InSpin · Insulator Spintronics

FP7Status: CLOSED1 March 201428 February 2017EU funding €2,009,301

InSpin will develop revolutionary nano-scale insulator spintronics that can replace or be integrated with conventional electronics and function at ambient temperatures. The innovation lies in the use of spin currents that in magnetic insulators are decoupled from charge currents and propagate with extremely low power dissipation. InSpin's objectives are to provide a disruptive technology that is spin-based, low-power and ultra-low-noise, leading to superior oscillators, logics, and random access memory compared to those based on charge-based electronics. Ultimately, electrical current-driven magnon Bose-Einstein condensation and the associated super spin-currents enable dissipationless spintronics at room temperature.

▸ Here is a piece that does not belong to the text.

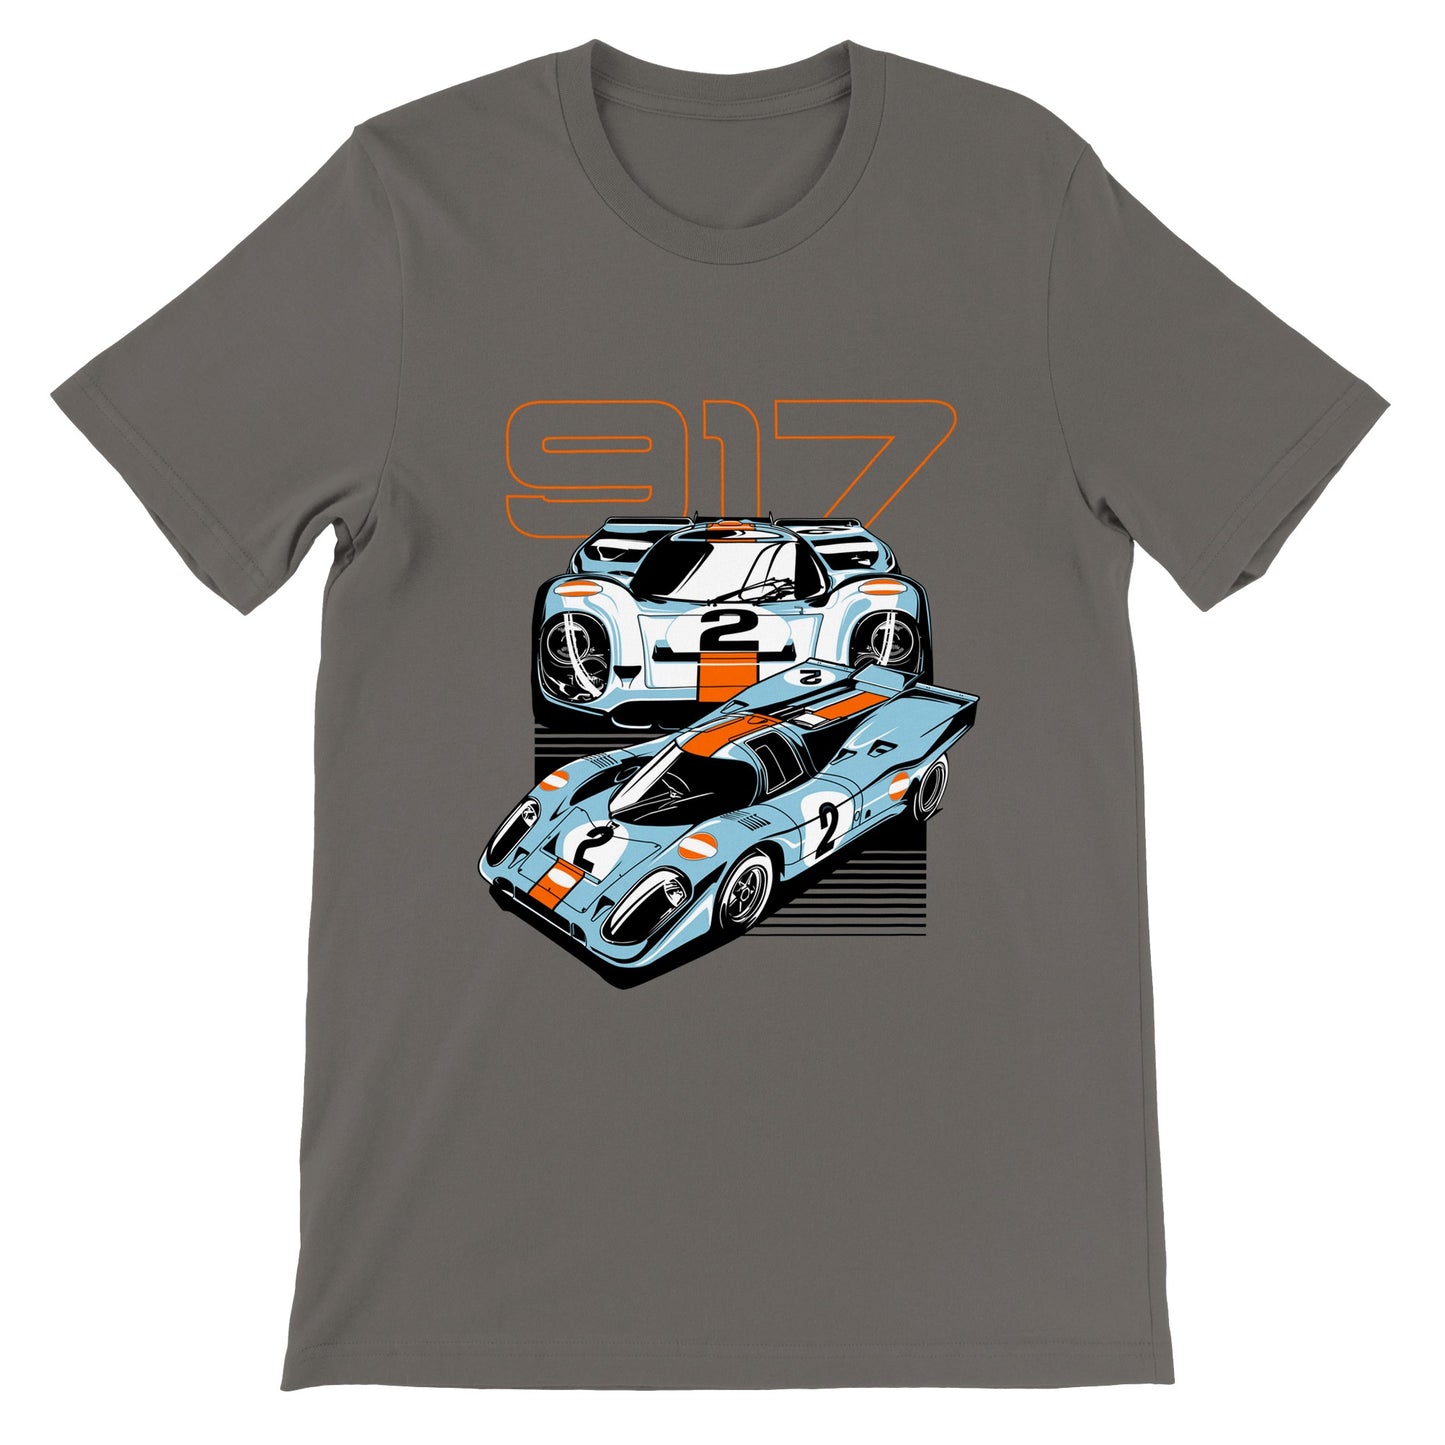 Car T-shirt - The Super Car 917 - Artwork - Premium Unisex T-shirt

The strong reduction or even the complete absence of power dissipation in (super) insulator spintronics implies loss-less transfer of spin signals that circumvents the energy dissipation problem, which threatens to end Moore's Law in information and communication technology. InSpin's final deliverable is to fabricate the first functional spin wave bus with signal input and detection and to use this bus to realize a logic majority gate as the key component for future insulator spintronics.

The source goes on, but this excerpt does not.